As I mentioned, with the study results now completed, the NDA submitted and accepted, we're awaiting the FDA decision at the end of this year on our PDUFA date. Turning now to our early-stage programs. In addition to some of the programs we covered on the earlier slides, we have our CFTR programs, which include both VSJ110, a CFTR activator, which has been shown to have efficacy in a dry eye model and exhibited anti-inflammatory properties. We have VPO-227, which is a CFTR inhibitor, which has potential utility in a number of different indications, including cholera. Of note, on the cholera side, VPO-227 was granted orphan designation by the FDA for the treatment of cholera.

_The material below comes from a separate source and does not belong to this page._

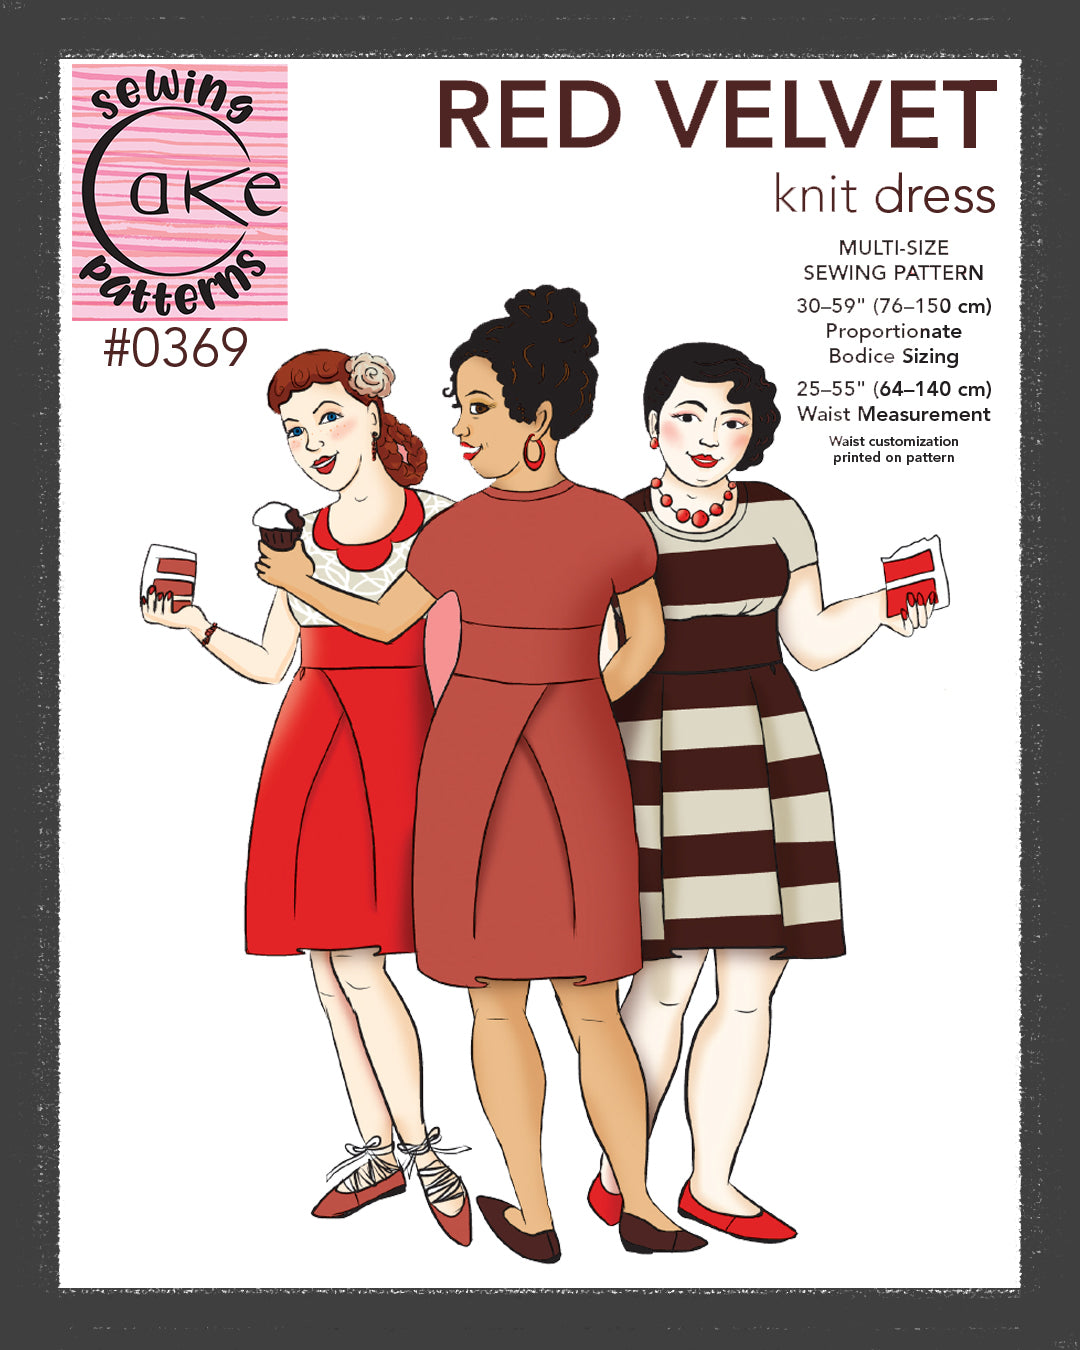 SEWING CAKE 0369 - RED VELVET KNIT DRESS (PDF)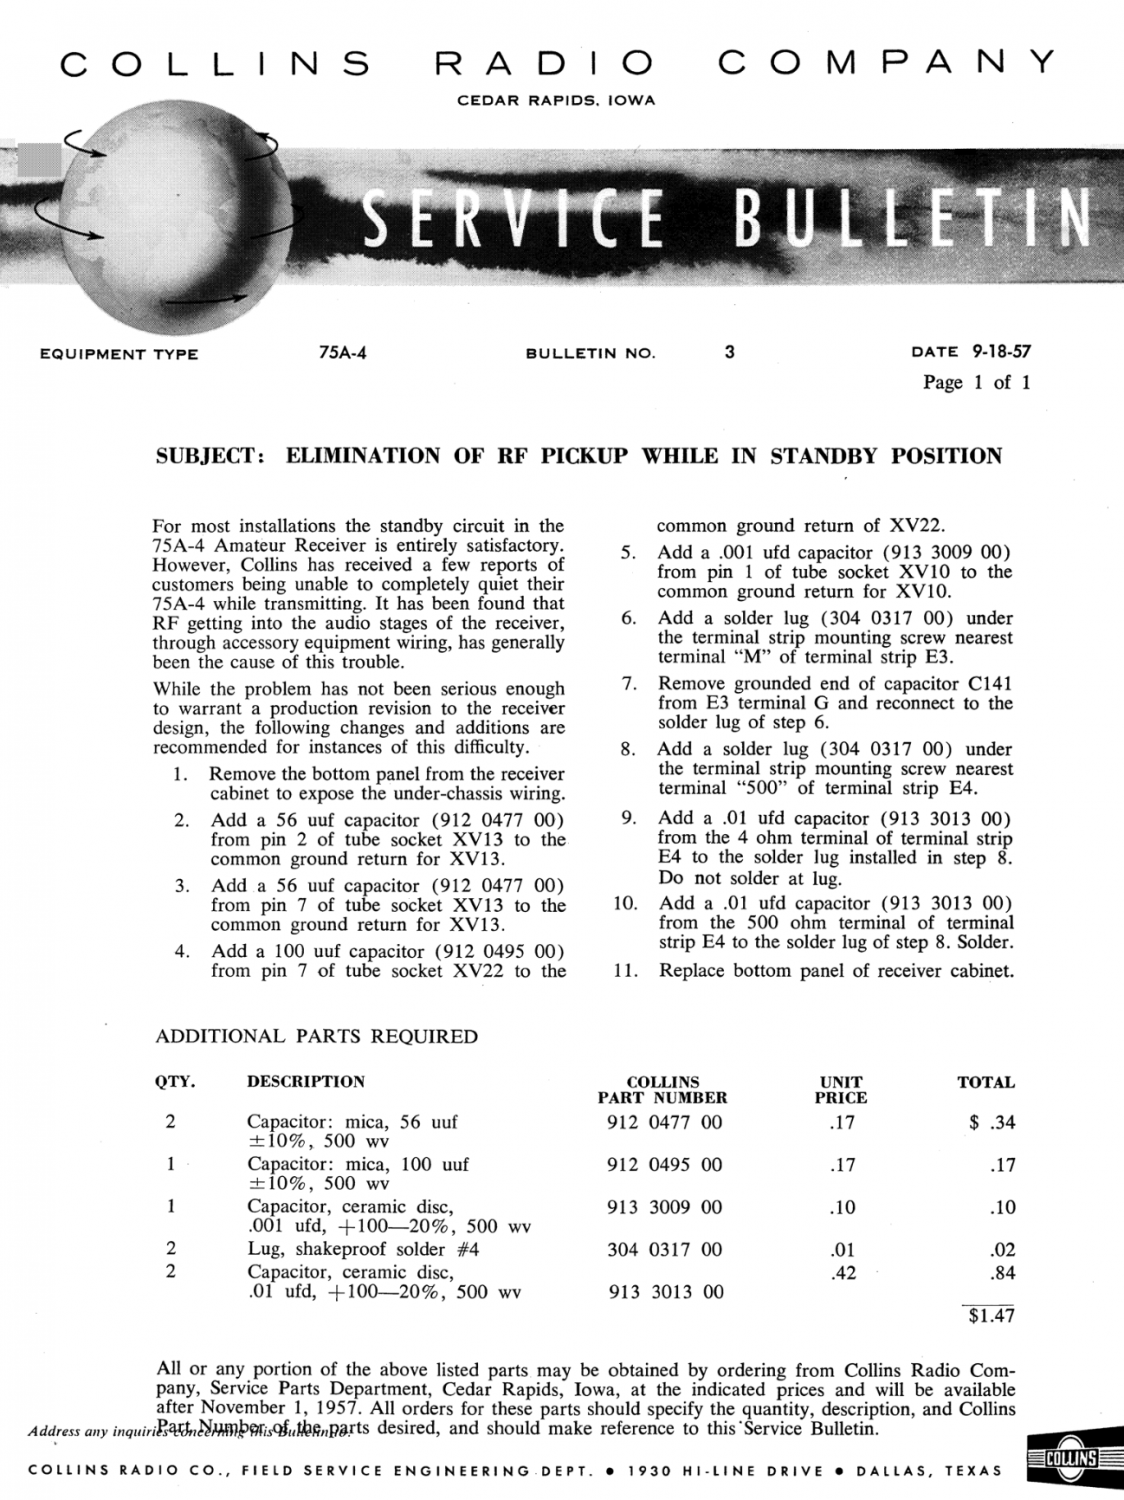 Collins 75A-4 Amateur Band Receiver - Service Bulletin Number 3 - (1957-09)

In addition to our early-stage programs on CFTRs, we have our VTR297 program, an HDAC inhibitor, where we're pursuing that in hematologic malignancies, as well as VQW-765, where we're pursuing a phase III program for social performance anxiety. Finally, turning to our financial results. In 2025, our financial guidance is total revenues of $210 million to $250 million, midpoint of $230 million. Year-end cash of 2025 of $280 million- $320 million, midpoint of $300 million. Of note, in the second quarter of 2025, our revenue was $52.6 million, which included Fanapt net product sales of $29.3 million, Hetlioz net product sales of $16.2 million, and Ponvory net product sales of $7.1 million. For the results for the full year, or sorry, the full year, the six months ended June 30th, 2025, our revenue was approximately $103 million, with Fanapt being the lead revenue generator at approximately $53 million.
We had operating expenses of approximately $182 million for a net loss of approximately $57 million. As I mentioned, we ended the second quarter with $325 million in cash and no debt. Thanks very much for everybody's interest, and we're excited to continue to share updates with you in the future as we have additional progress.